A few understand immediately and are good about it. Most have absolutely no idea why I would even be bothered about an unexpected caller asking me for personal information. A few are practically hostile about it.
None, to date, have worked for a company that has a process established for safely establishing identity of the person they're calling. None. Lengthy on-hold queues, a different person with no context, or a process that can't be suspended and resumed so the person answering the phone has no idea why I got a call in the first place.
(Yet I'll frequently get email full of information that wouldn't be given out over the phone, unencrypted, unsigned, and without any verification that the person reading it is really me.)
The organisational change required here is with the callers rather than the callees, and since it's completely about protecting the consumer rather than the vendor, it's a change that's unlikely to happen without regulation.
> Tell them you need to verify them, and then ask how they propose you do that.
Last time I did that, the caller said "but you can just trust that I'm from <X>." So I replied that they, likewise, could just trust that I'm me, and you could practically hear the light bulb click on.

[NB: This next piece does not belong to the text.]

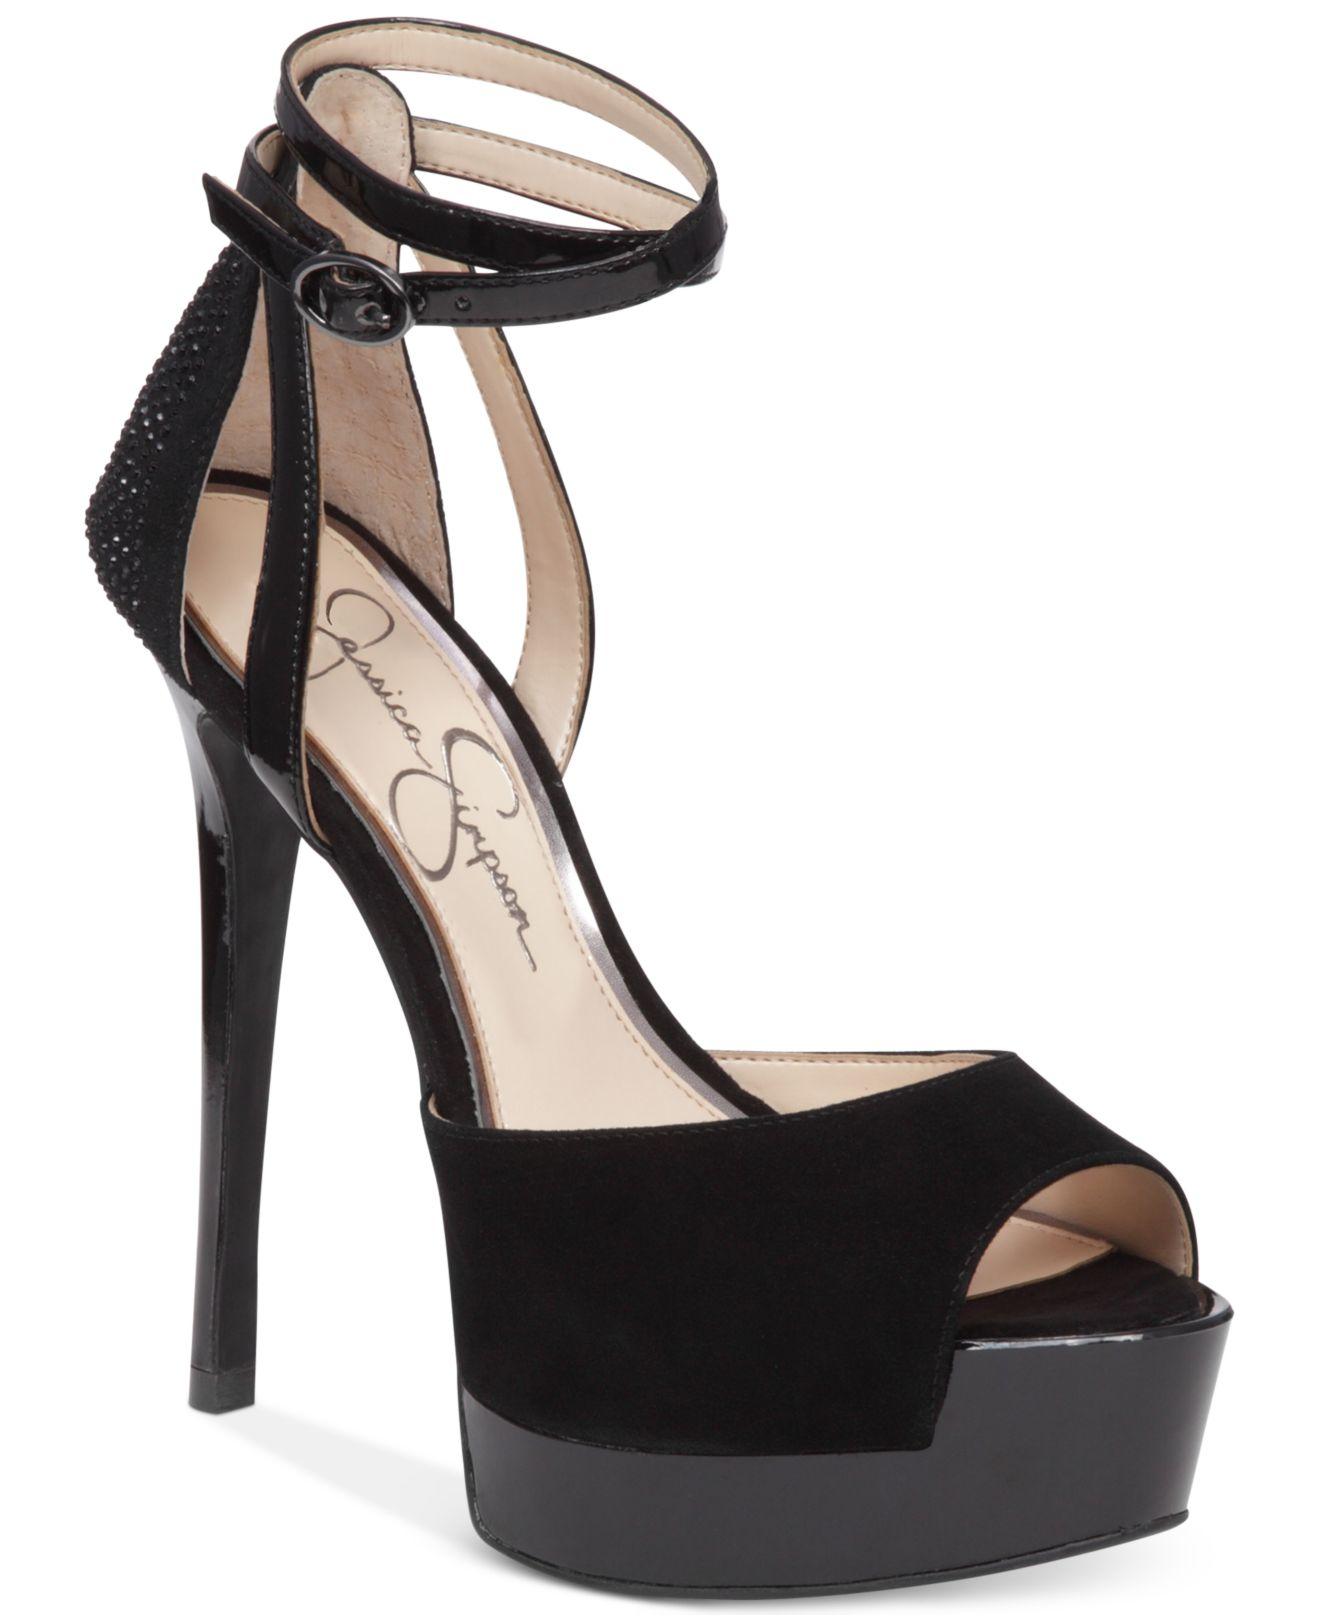 Jessica simpson Koen Ankle-strap Platform Pumps in Black | Lyst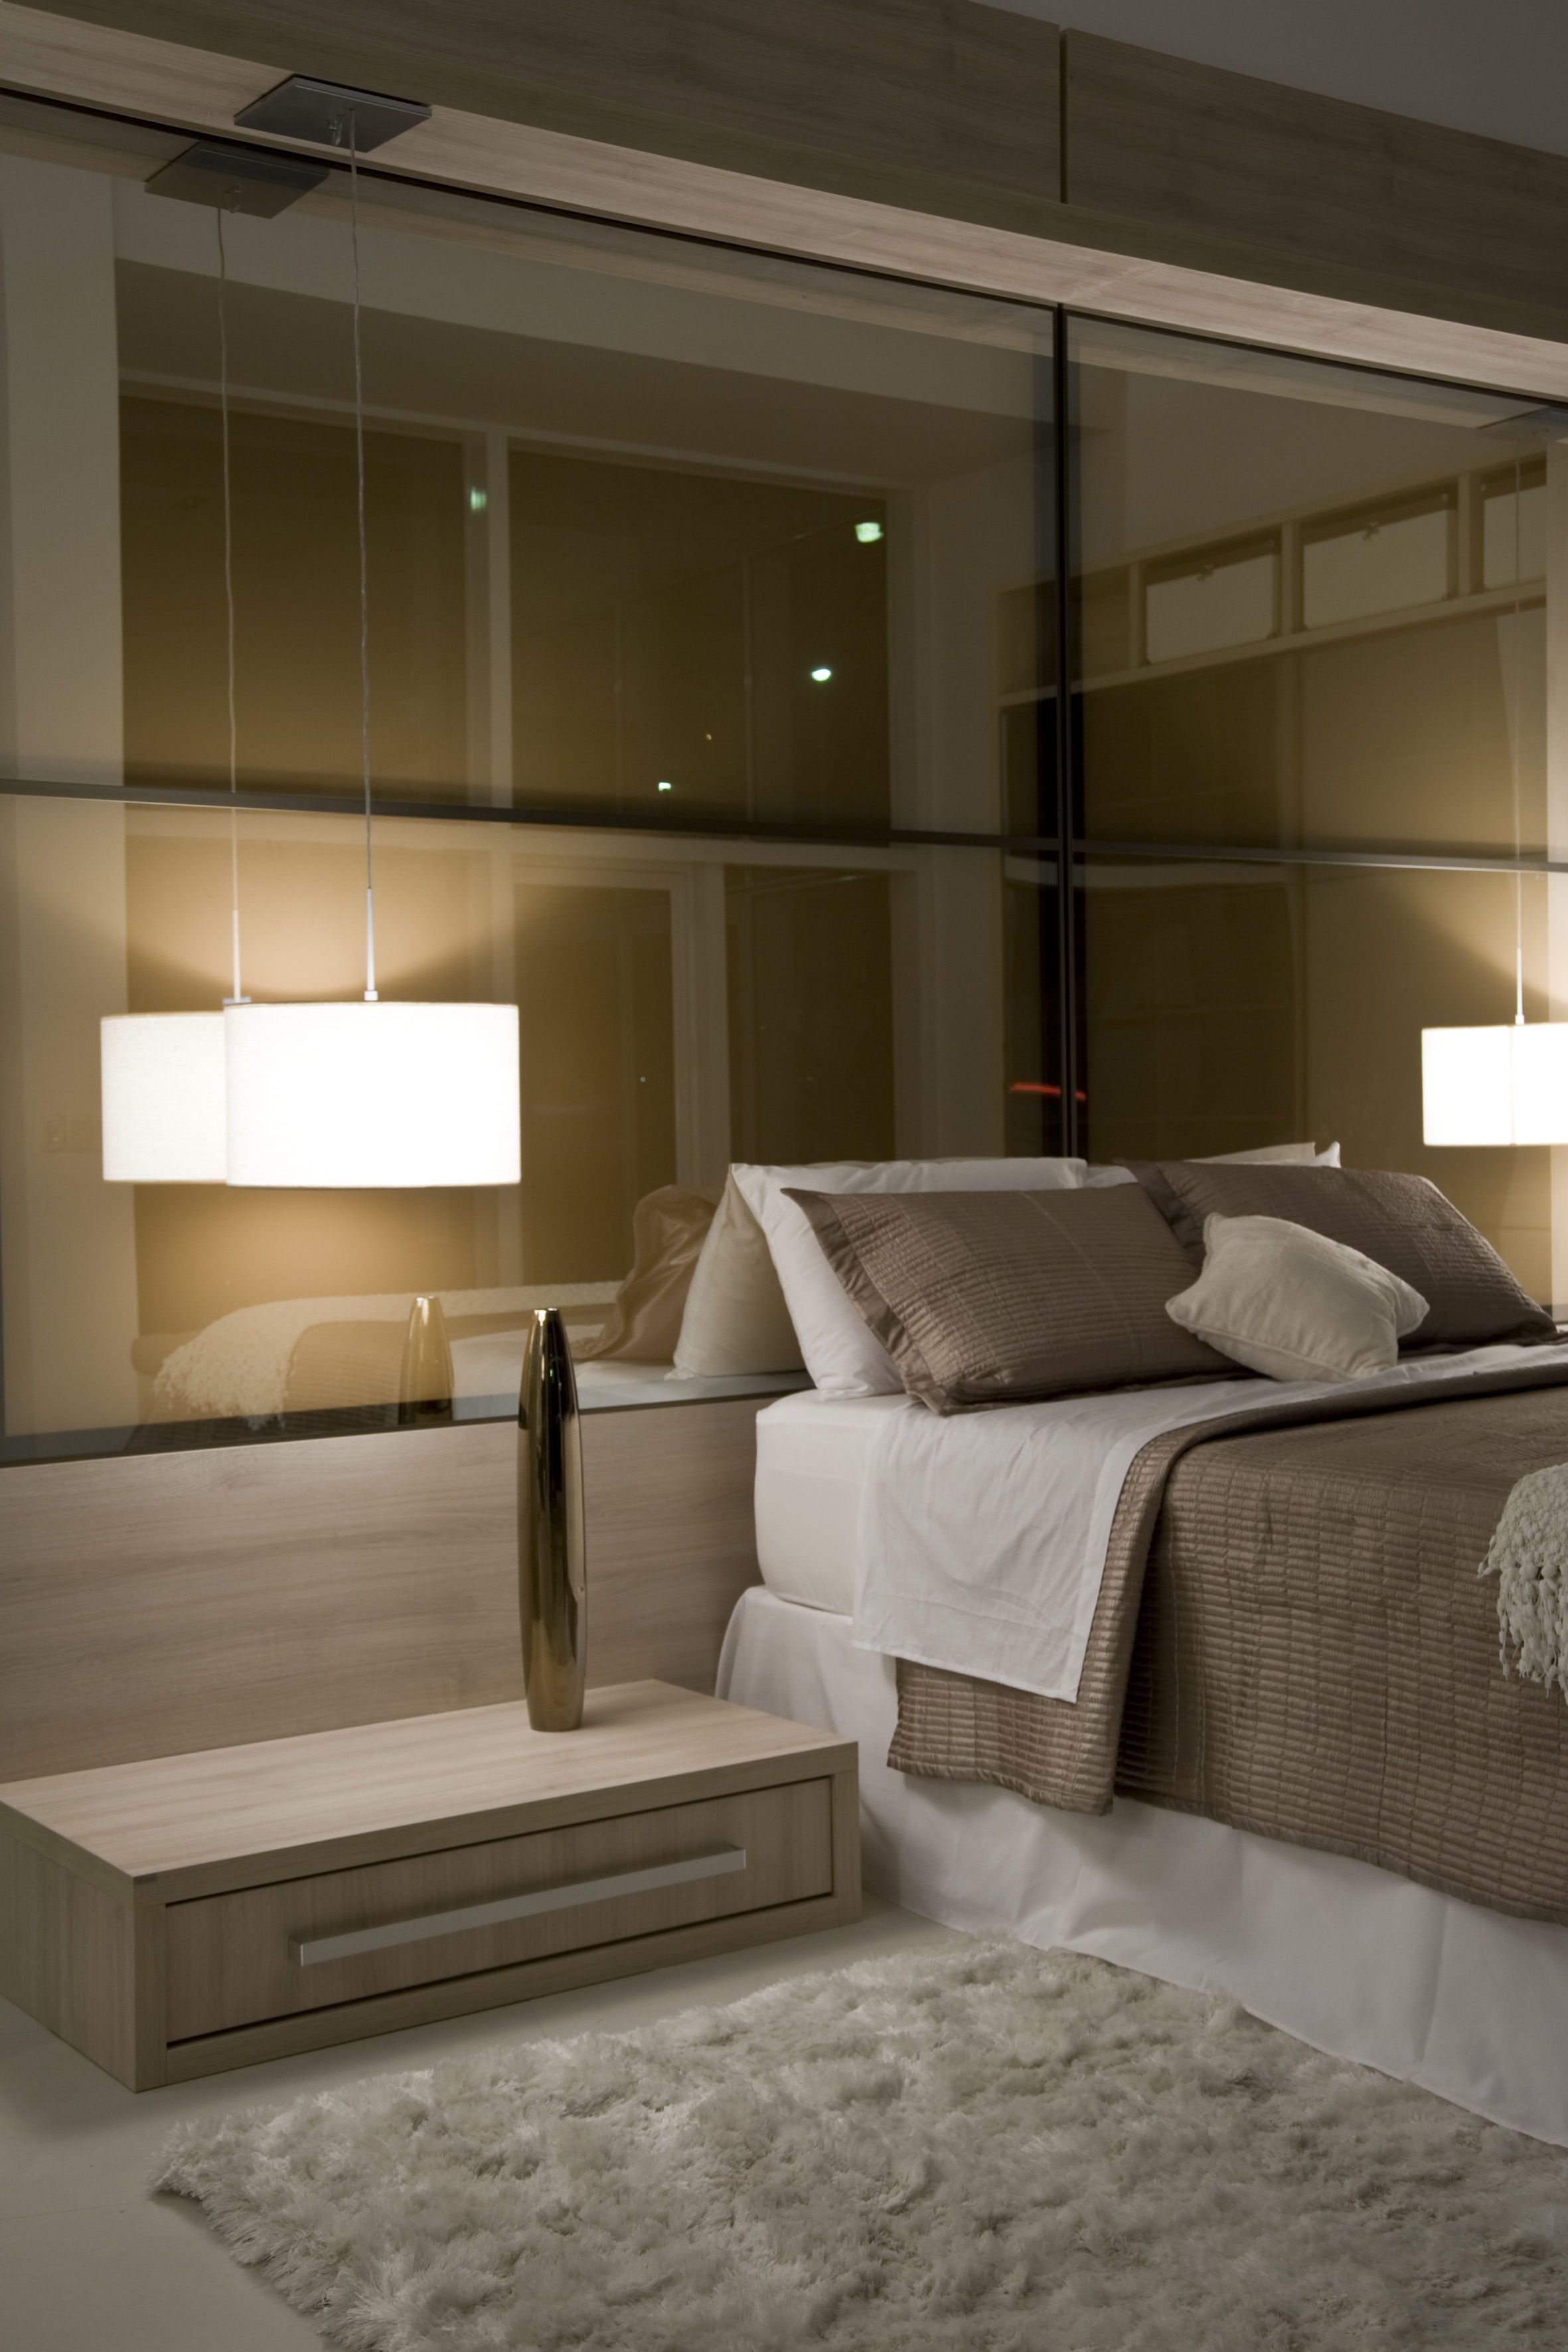 Bedroom lights ideas   Astonishing Useful Tips False Ceiling Design Gypsum false ceiling

They did their best to help from there but their inbound lines aren't staffed effectively so my patience ran out before I reached an operator.
I can't remember which company it was, but I got a call a few years ago about some issue with an account, and they wanted some information to "verify my identity"
I said wait a minute, you called me. Shouldn't I be verifying who you are?
The guy kind of laughed and said yeah, but this is the process I've been given to follow. I said I would call back on public customer service number and he said that would be fine.
It turned out it was a legit call, but just weird that they would operate that way.
I wish I could remember who it was. A credit card, I think.
This happened to me with AT&T herein Mexico: I have an AT&T pre-paid sim card that expires after a year. At the end of the year I got a call supposedly from someone form AT&T and told me about some special discount offer if I pre-paid for another year. The catch is that I needed to pay over there by phone ... (give my card details).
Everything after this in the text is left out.